» Data below

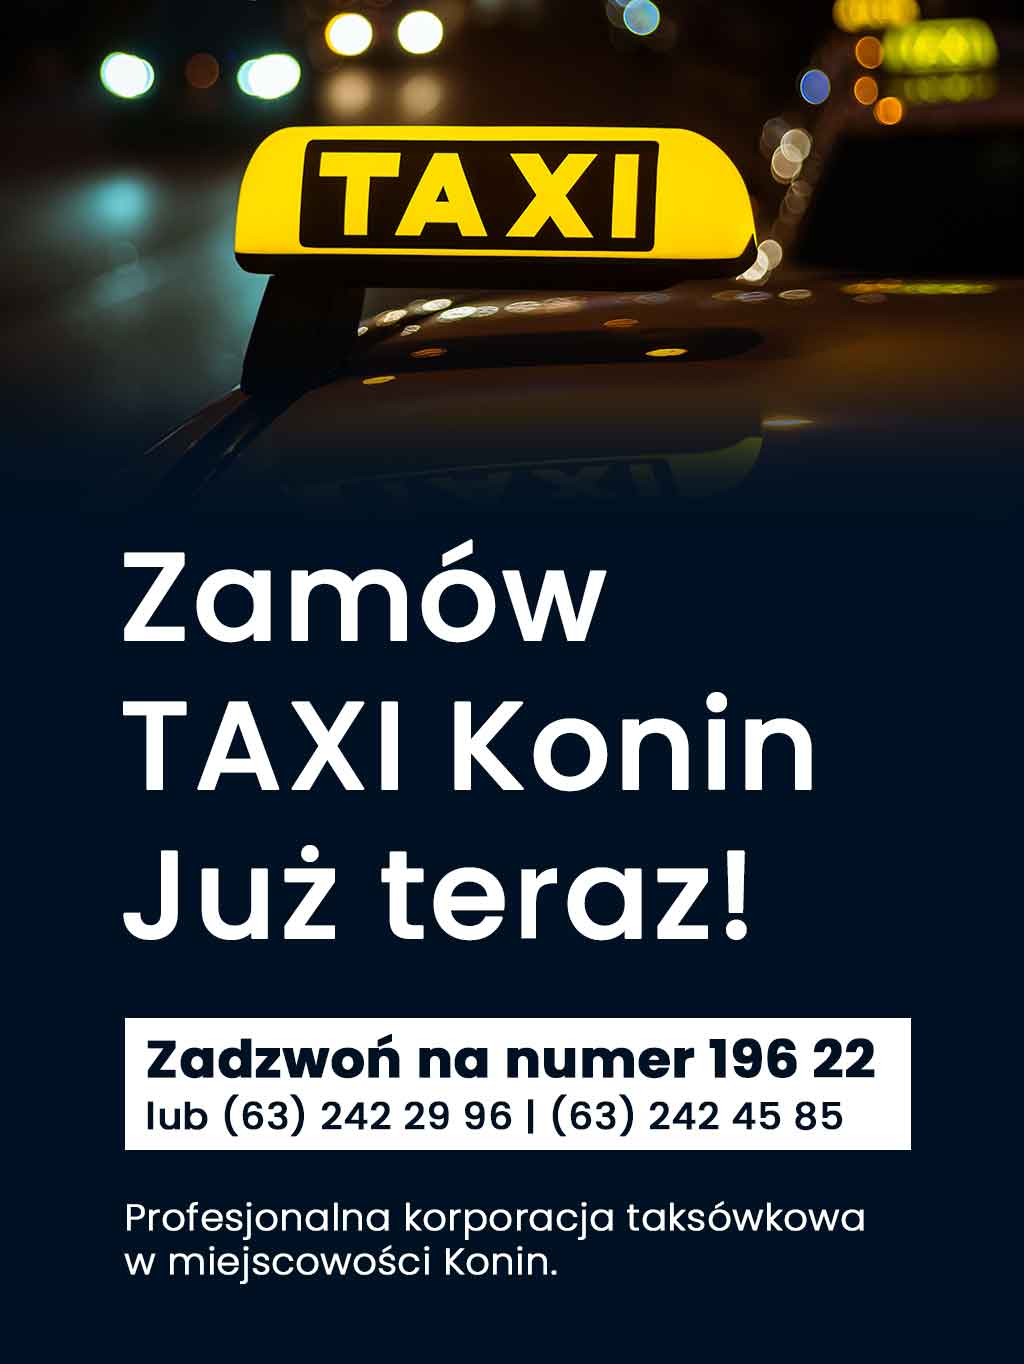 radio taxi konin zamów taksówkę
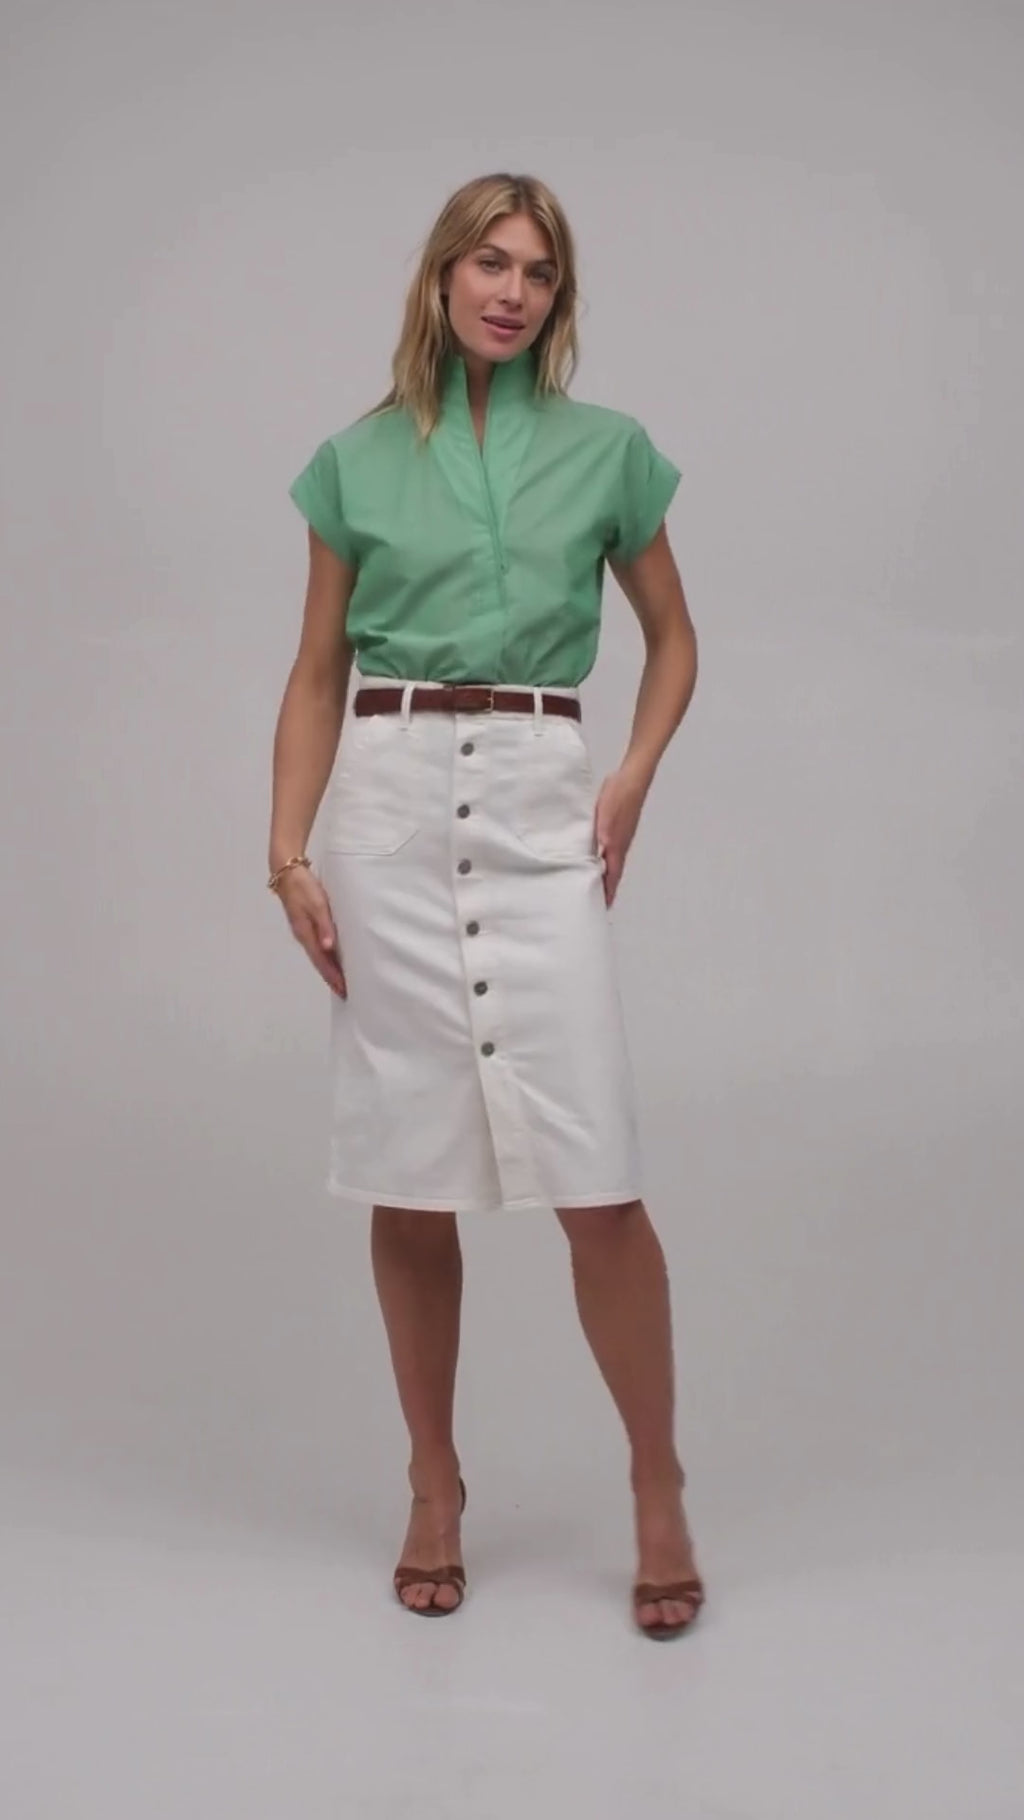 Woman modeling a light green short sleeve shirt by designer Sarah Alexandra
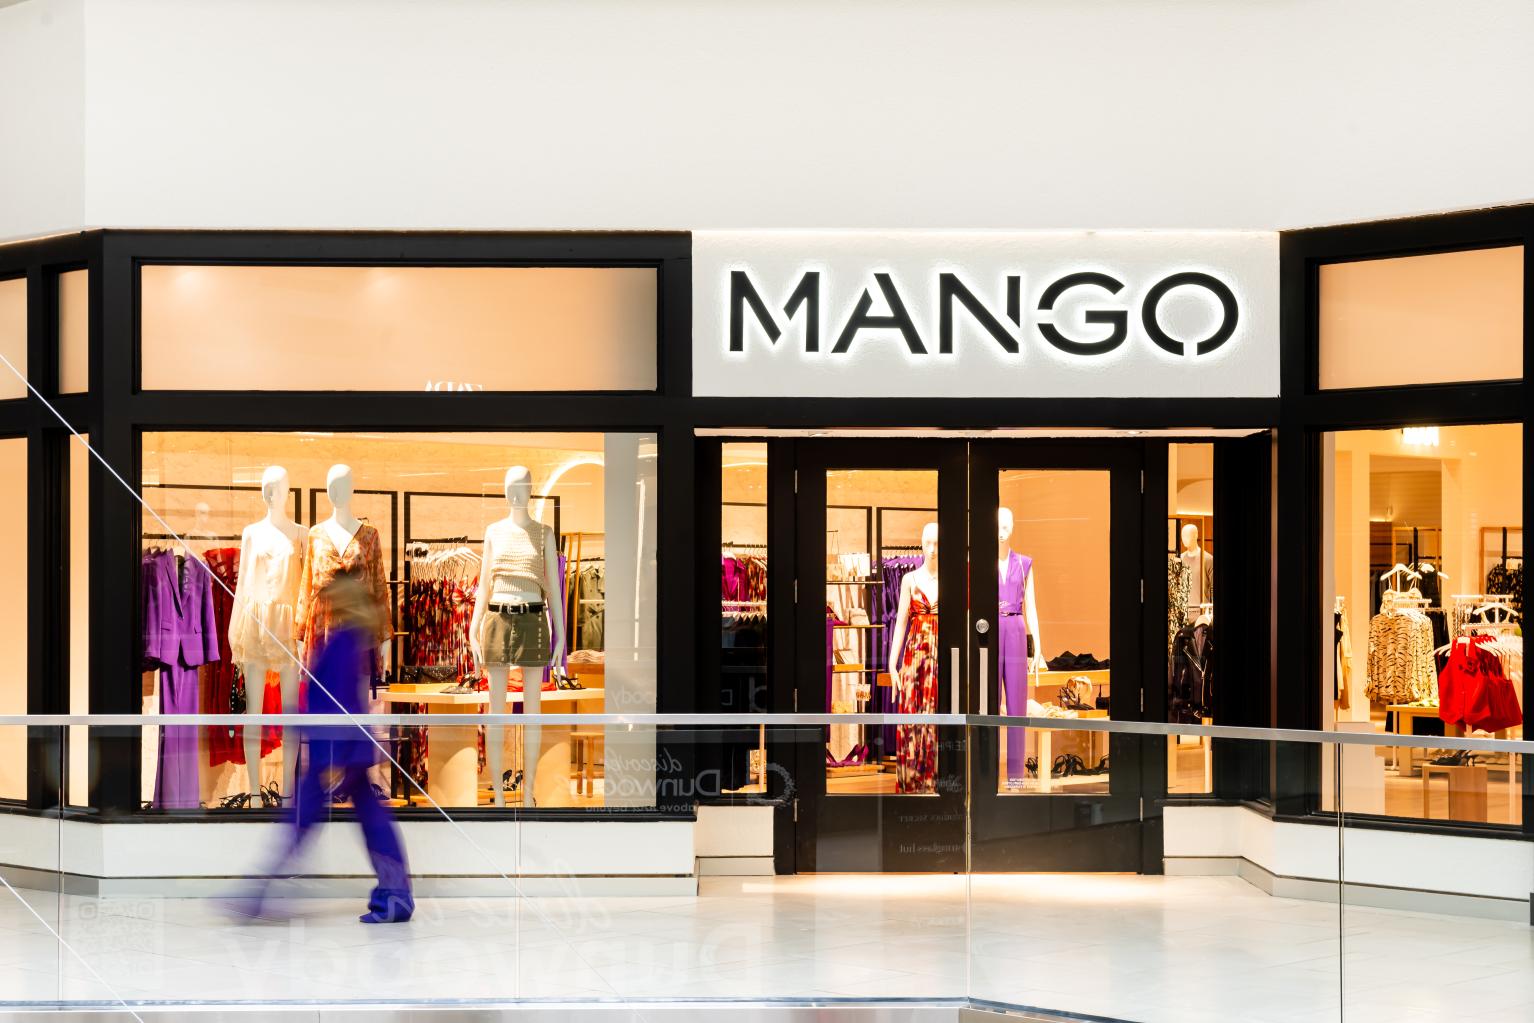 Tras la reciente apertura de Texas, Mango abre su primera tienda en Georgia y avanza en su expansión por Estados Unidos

» Task details
Only the pictures in the listing above get left out; print everything else exactly.

» Response for this exercise
 radio taxi konin zamów taksówkę
 Woman modeling a light green short sleeve shirt by designer Sarah Alexandra
 Tras la reciente apertura de Texas, Mango abre su primera tienda en Georgia y avanza en su expansión por Estados Unidos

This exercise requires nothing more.